Vol. I. Fourteenth to Sixteenth Century
Henry Hallam (17771859)
[Henry Hallam, born in 1777, was the son of John Hallam, Dean of Bristol and Canon of Windsor. He was an eager student at Eton and at Christ Church, Oxford, and was called to the Bar at the Middle Temple, of which society he was afterwards a Bencher. Soon after the completion of his legal education, however, Hallam entered upon a career of letters by contributions to the Edinburgh Review, and made many friends among the prominent Whigs of the time. Some independent means and a Government post—Commissionership of Stamps—enabled him to devote a long life to study and comparatively unremunerative authorship. The View of the State of Europe during the Middle Ages was published in 1818, and nine years later appeared The Constitutional History of England from the Accession of Henry VII. to the Death of George II., a book which still holds its place as the best political history of the period. The Introduction to the Literature of Europe in the Fifteenth, Sixteenth, and Seventeenth Centuries was completed in 1839. (The later reprints contain a short memoir by Dean Milman.) Hallam’s life was sadly overclouded at the close.

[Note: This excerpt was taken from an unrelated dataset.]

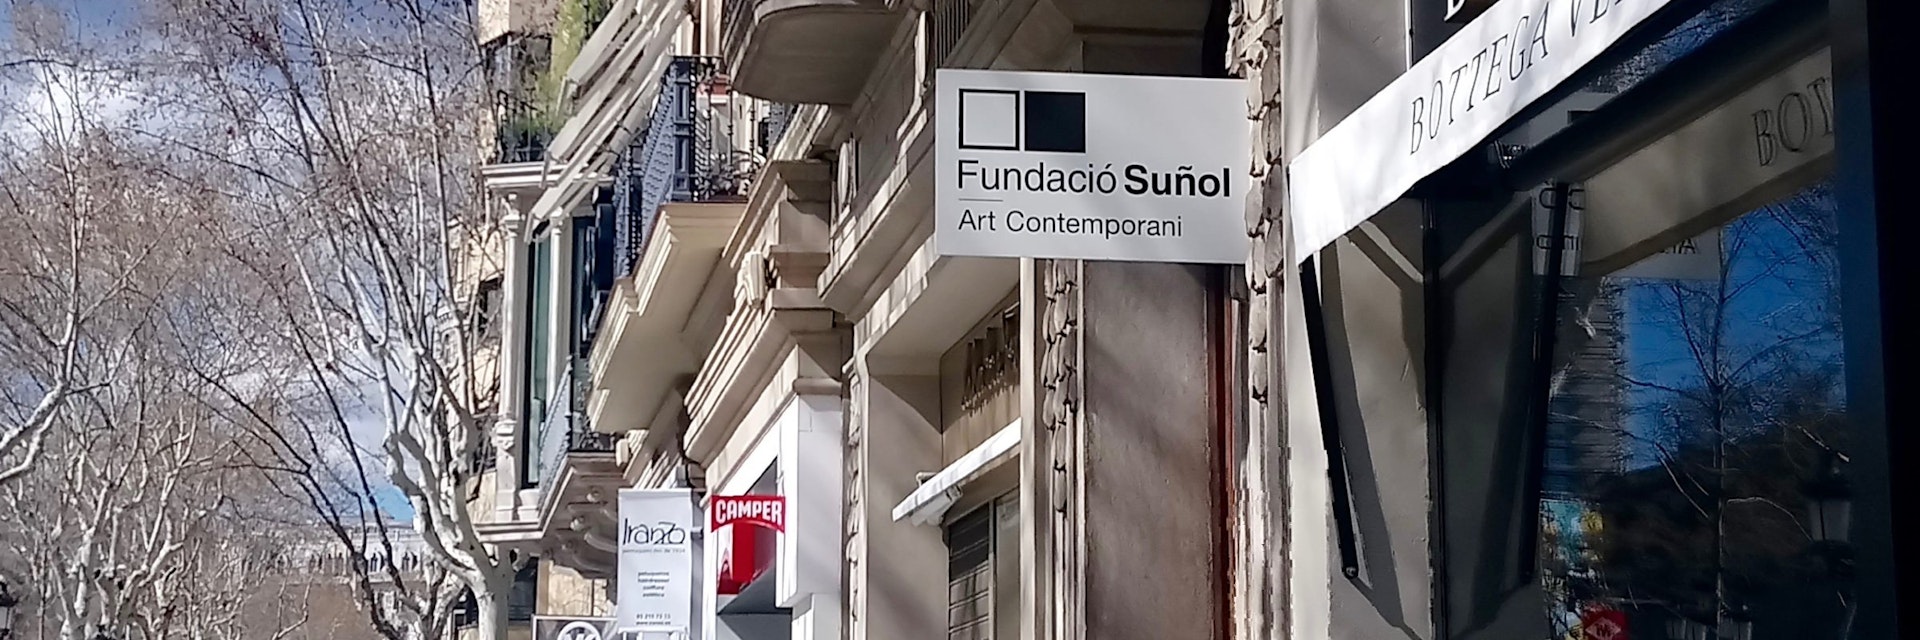 Exterior of Fundació Suñol

In 1834 he lost his son, Arthur Henry Hallam, Tennyson’s College friend; in 1840 his wife (a Miss Elton of Clevedon, Somersetshire); then a daughter, and another son in 1850. He himself died in January 1859.]

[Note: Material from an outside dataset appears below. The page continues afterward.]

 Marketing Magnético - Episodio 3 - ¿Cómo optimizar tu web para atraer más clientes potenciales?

Though a Whig, his range of political speculation was narrow, nor beyond his words do we discern the open heavens and their free horizons of thought; but as an exponent of political principles he never forfeits our respect, and if he cannot inspire, may be trusted not to mislead us.
Probably the Constitutional History is Hallam’s greatest work; yet in the Introduction to the Literature of Europe, we may occasionally enjoy a singular and refreshing spectacle—gleams of real enthusiasm struck by the steel of poetic genius from the flint of the critic’s coldly impartial mind.
Writing, as he did, before it was thought necessary to combine entertainment with instruction, Hallam addressed himself exclusively to the student, and the student comes in time to entertain an affection for an author who is always sanely master of himself and of his subject. Among the critics of to-day are some light-armed skirmishers who may win and keep the public favour for an hour; but when one has learned how infinitely, inexpressibly easier it is to be clever than to be wise, one is more than compensated for the absence of superficial brilliance of conceit or phrase by sureness of step, reasonableness of estimate, and grave simplicity of style. Far indeed from being a born master of language, far below the great in almost all the distinctive qualities of greatness, he has fairly earned a place among enduring names; he is, and will remain, our judicious Hallam.